Task details: Wherever pictures appear in the listing below, leave them out, and copy exactly, and only, everything from the line with "Slim Medium Wash" down to the line with "campingplatz KEJA Pustkowo Preise".

The data:
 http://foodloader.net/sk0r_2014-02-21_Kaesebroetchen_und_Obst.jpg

---

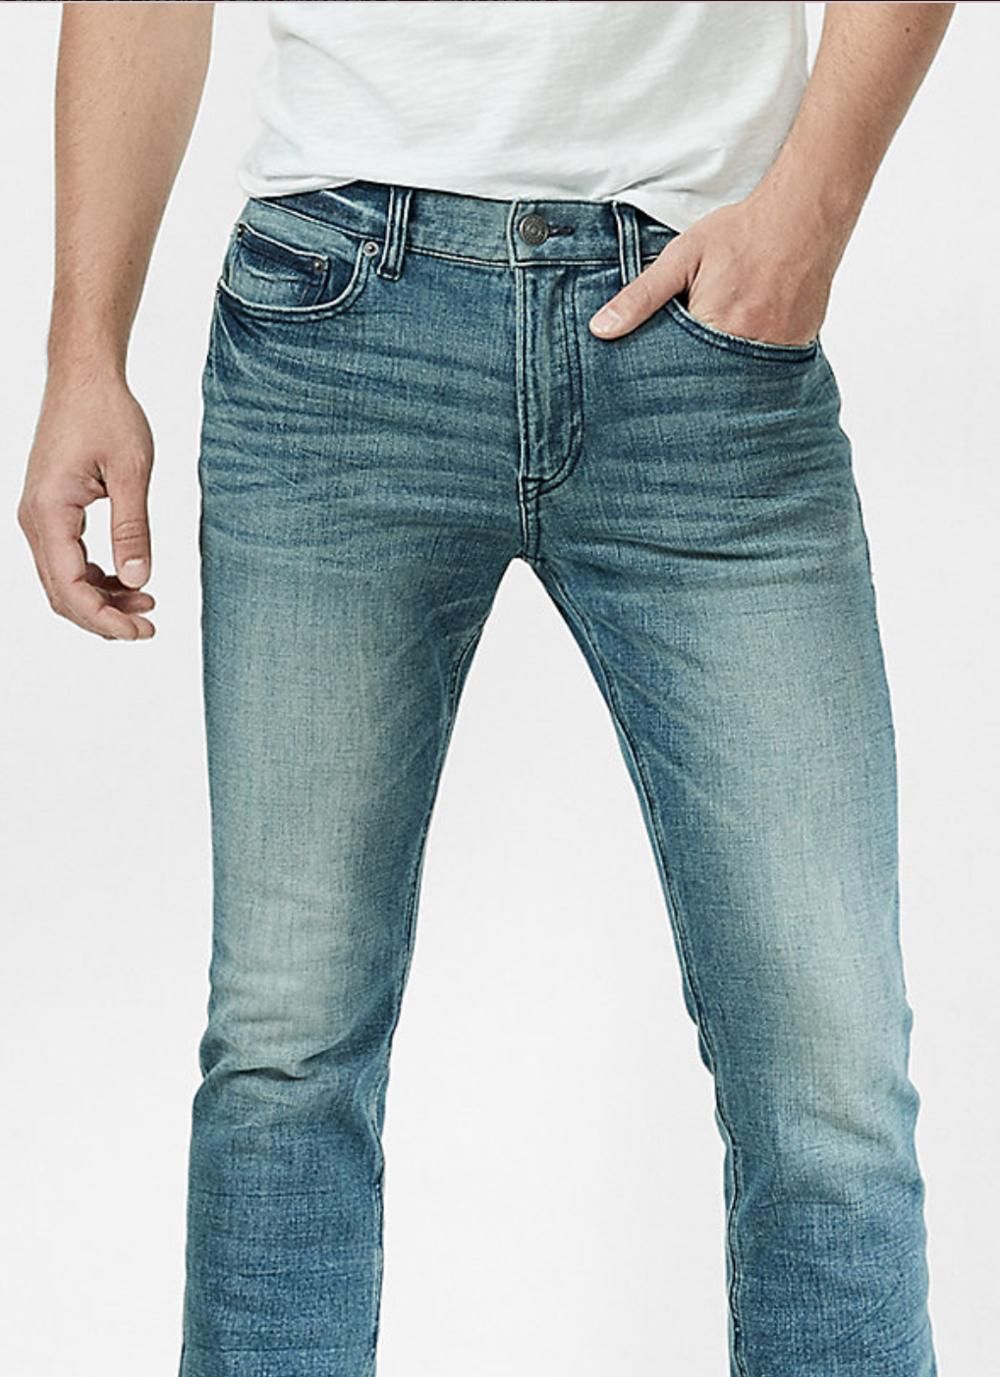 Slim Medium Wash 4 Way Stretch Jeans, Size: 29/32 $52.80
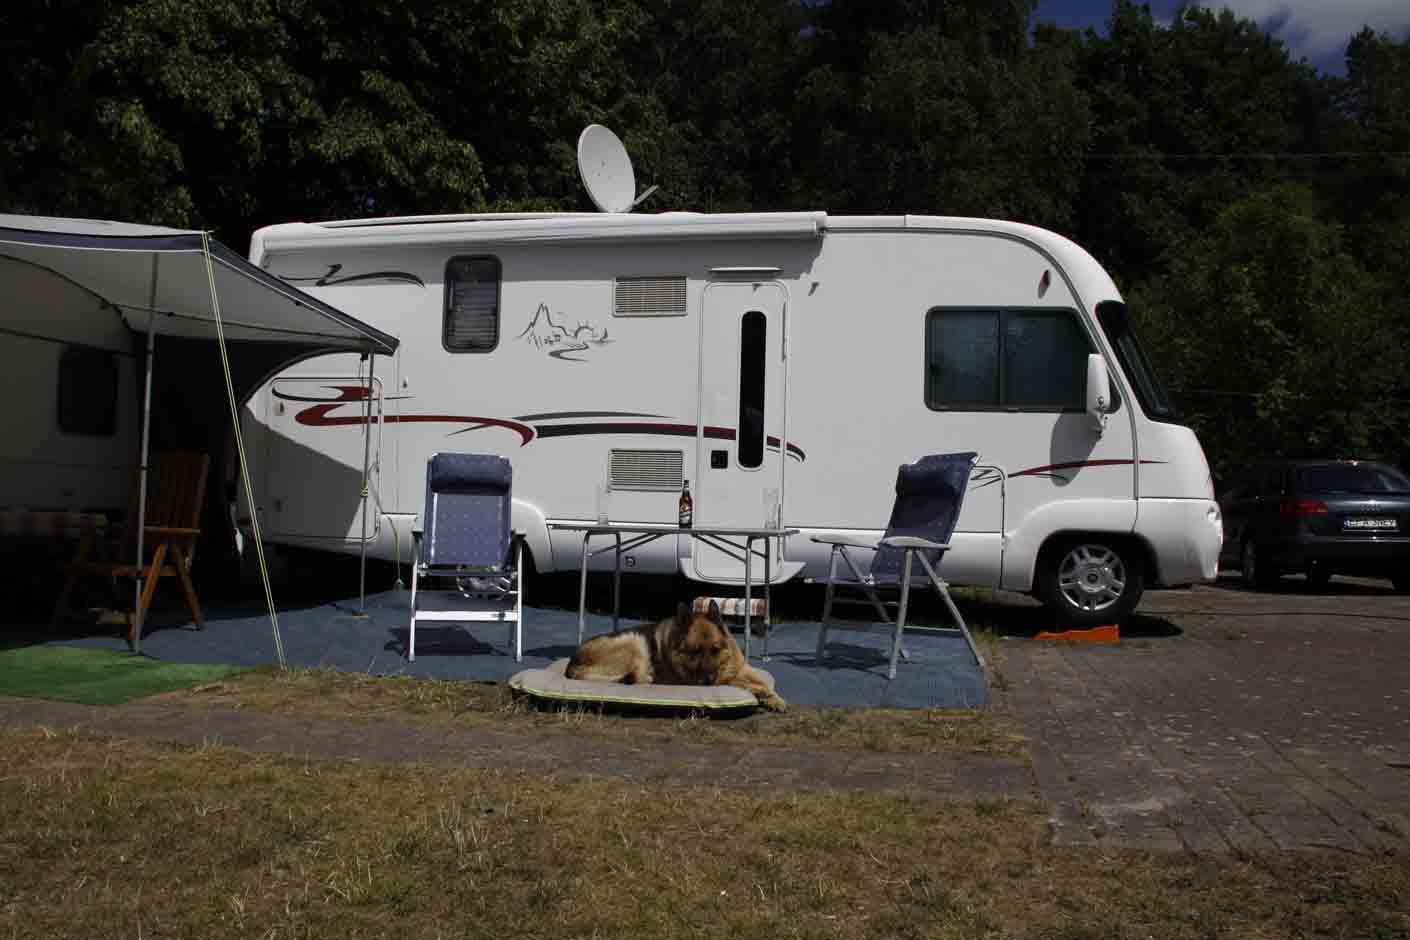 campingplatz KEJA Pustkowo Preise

* * *

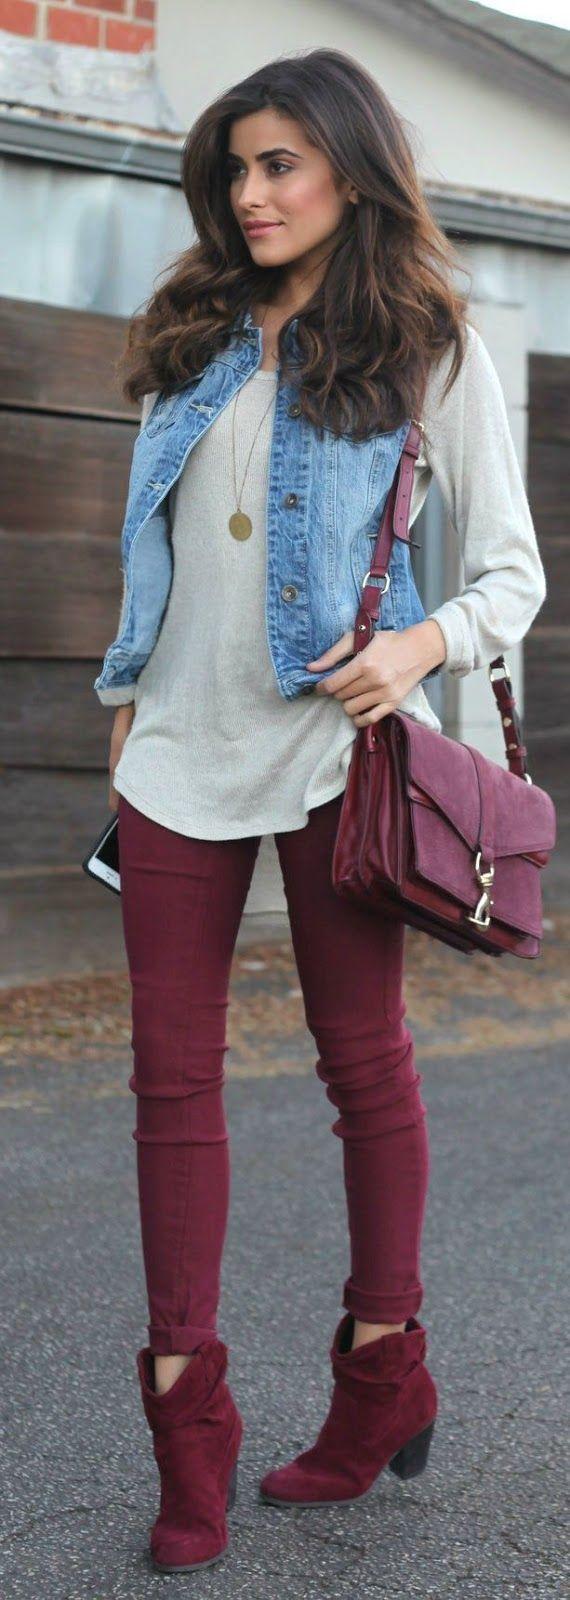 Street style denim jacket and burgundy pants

Exercise solution:
 Slim Medium Wash 4 Way Stretch Jeans, Size: 29/32 $52.80
 campingplatz KEJA Pustkowo Preise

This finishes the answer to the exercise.